Regardless of whether the business continues in existence or not, a disgruntled partner may request the court to award damages or provide another remedies.  The nature of the remedy may depend on the theory of recovery or the nature of the alleged misconduct. As we have discussed, the misconduct may assume many forms, such as minority oppression, breach of contract, breach of fiduciary duty, and misappropriation of trade secrets. Where the damage is difficult to measure, the court may award damages as measured by the gain accruing to the defendant as a result of the misconduct. In the case where a partner has used confidential information, a court may award compensatory damages to the victim of the misappropriation, typically measured by lost profits.

An injunction is an extraordinary remedy and a partner needs to show the possibility of irreparable harm. An injunction may be imposed particularly in the extraordinary circumstances of a partner misappropriating a trade secret or breaching a confidentiality agreement. Confidentiality claims are often directed at preventing a partner from using company secrets to compete unfairly with the business. Trade secret claims are usually based on the law of the jurisdiction in which the business is located.  Confidentiality claims are usually contract based or based on the breach of fiduciary duty.

If you have a confidentiality agreement or a non-competition agreement, and you are the partner who wants to set up business across the street and your partner objects, you may have to obtain an involuntary or judicial dissolution to terminate the agreements before setting off on your own. In some cases, minority partners want a buyout, but the majority partner objects. The minority partner may have only limited protections and options such as filing an action for accounting, or access to books and records.

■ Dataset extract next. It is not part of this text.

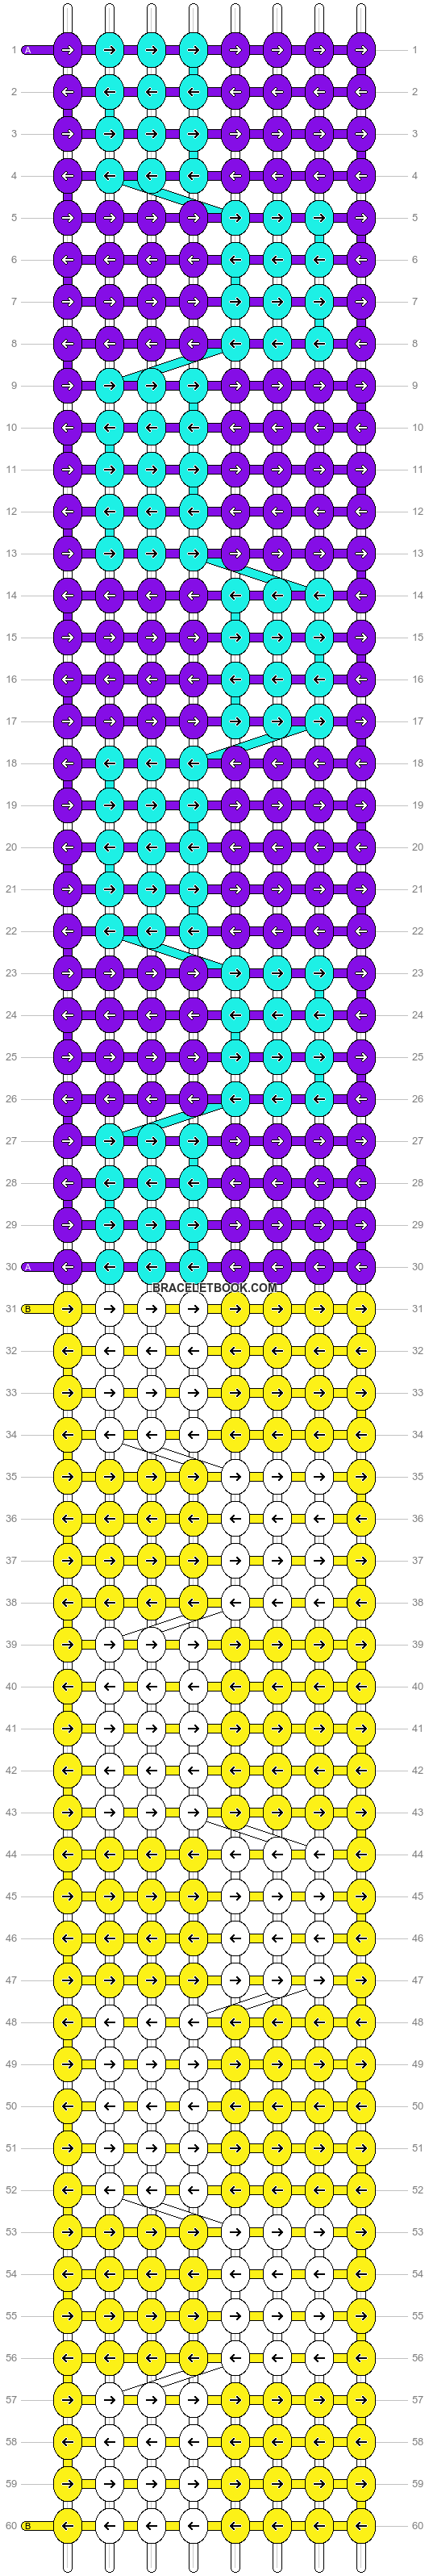 Alpha pattern #18027 pattern

Nasty small business divorces are preventable

Whatever the outcome in a business divorce, usually none of the parties is particularly happy. The best medicine is to preventive medicine. You should only go into business only with those whom you trust and those with whom you can manage a long term relationship. And before you go forward with that partner, even the most compatible partner, make sure you speak with your small business attorney to craft an agreement for what you and your partner should do when you disagree.